BEGIN MATERIAL PROVIDED

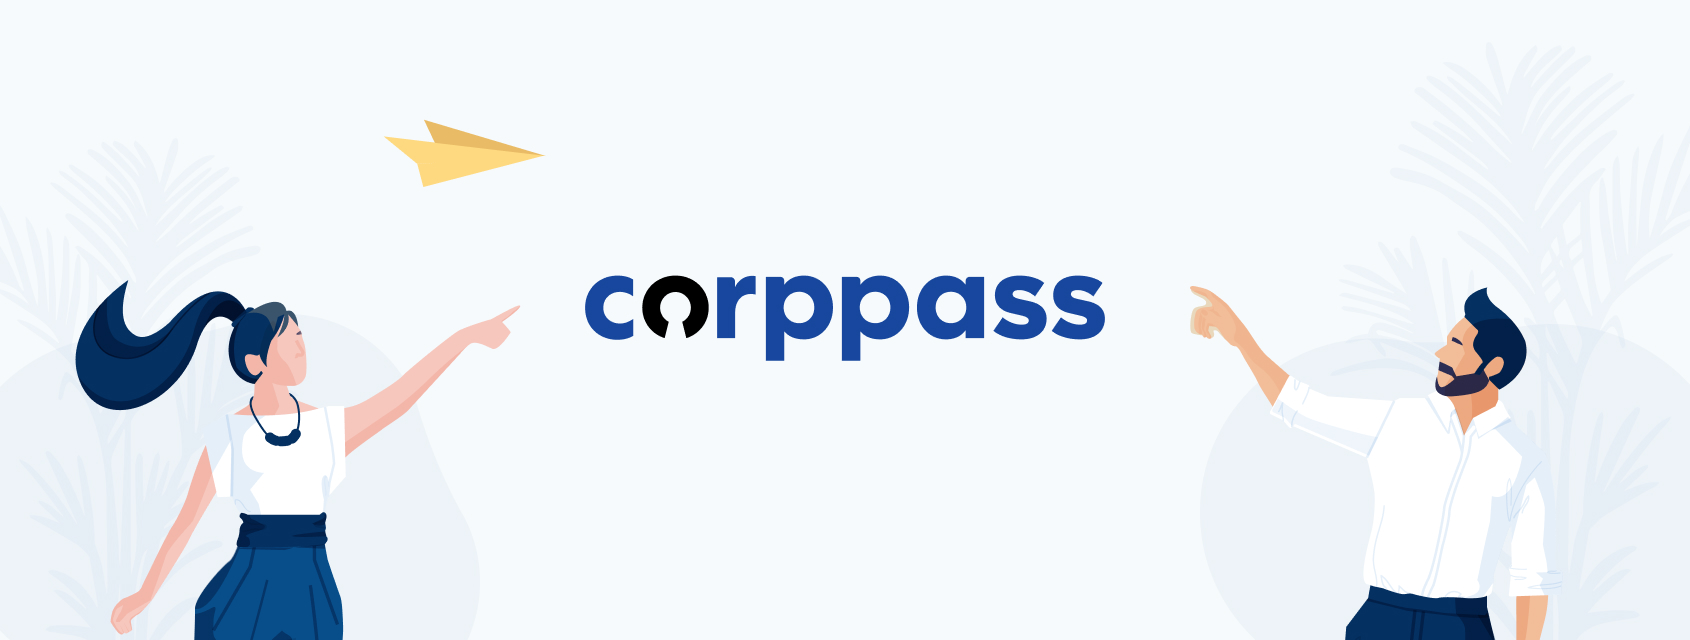 Image for Corppass
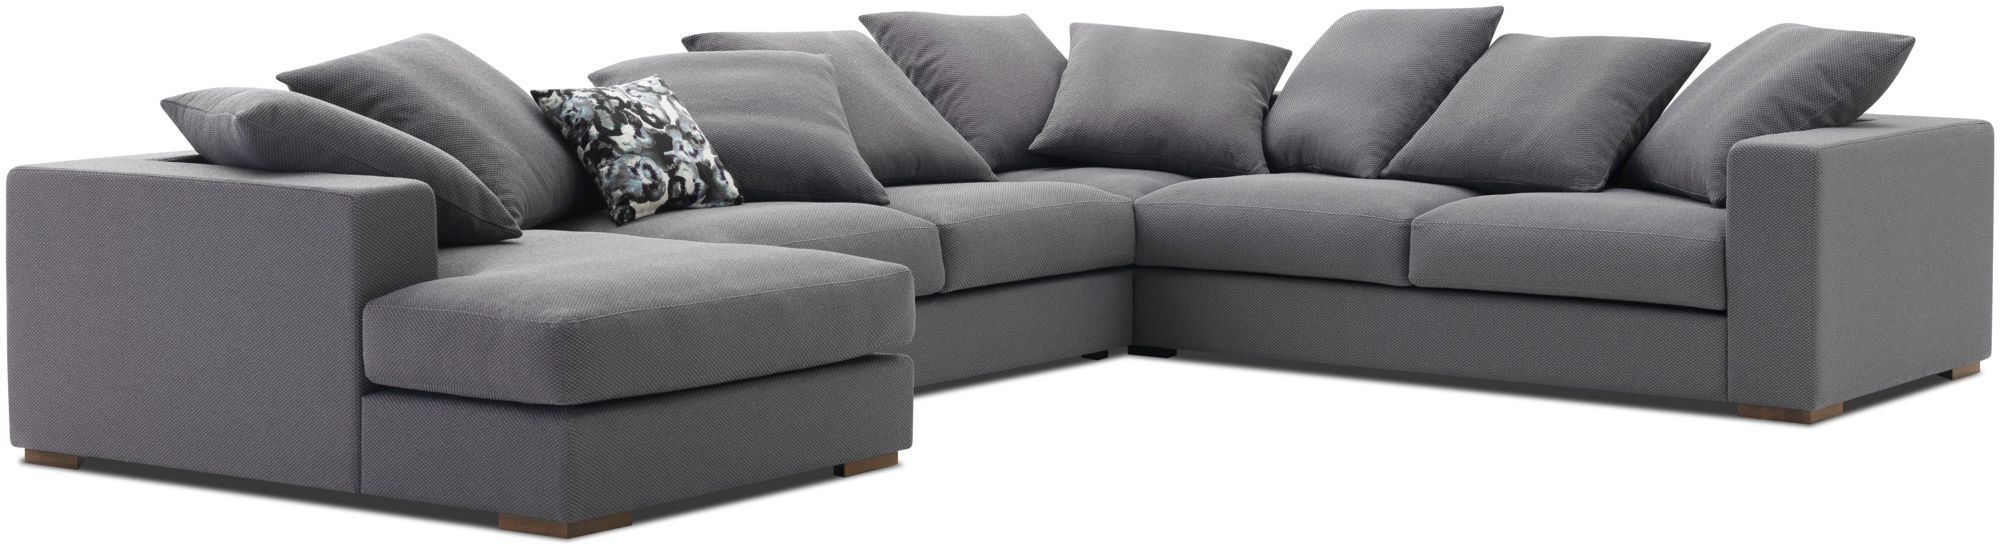 Corner Sofa / Modular / Contemporary / Leather – Cenova – Boconcept For Latest Modular Corner Sofas (View 6 of 15)
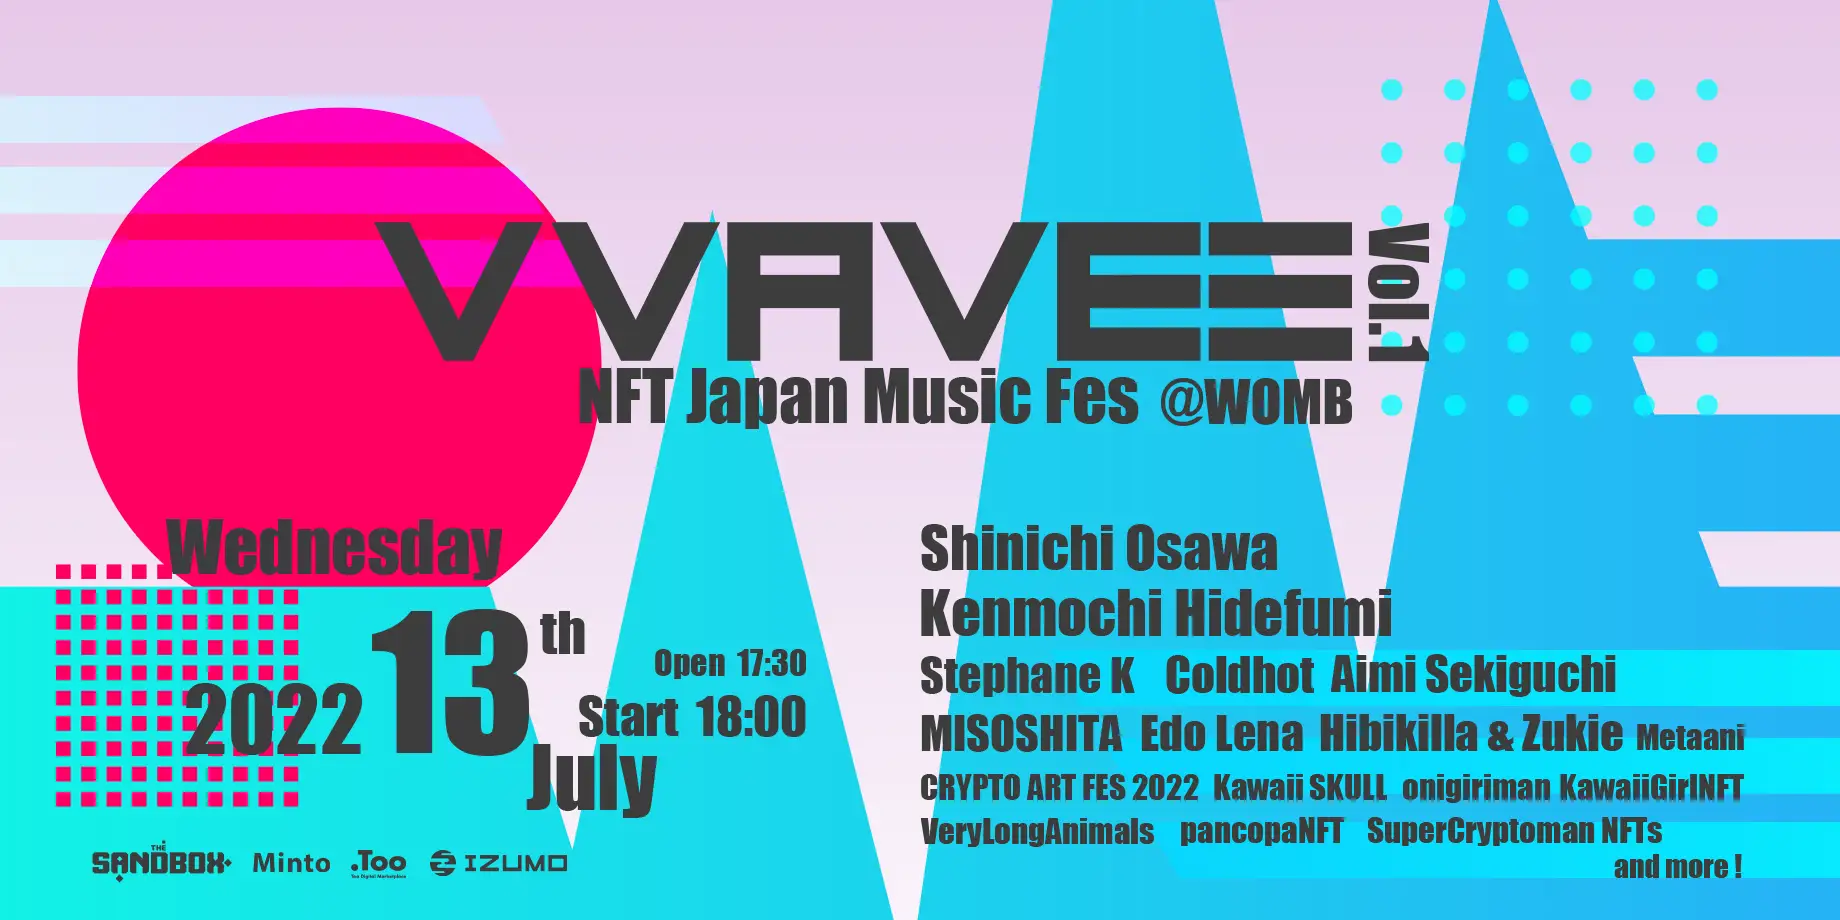 【BeyondConcept】音楽 × NFTコミュニティ「VVAVE3」、渋谷で大規模クラブイベント「VVAVE3 – NFT Japan Music Fes vol.1 -」の開催を決定！

END MATERIAL PROVIDED

» **PROBLEM DESCRIPTION**
Print the data again word for word, pictures excluded.

» **TASK SOLUTION**
 Image for Corppass
 Corner Sofa / Modular / Contemporary / Leather – Cenova – Boconcept For Latest Modular Corner Sofas (View 6 of 15)
 【BeyondConcept】音楽 × NFTコミュニティ「VVAVE3」、渋谷で大規模クラブイベント「VVAVE3 – NFT Japan Music Fes vol.1 -」の開催を決定！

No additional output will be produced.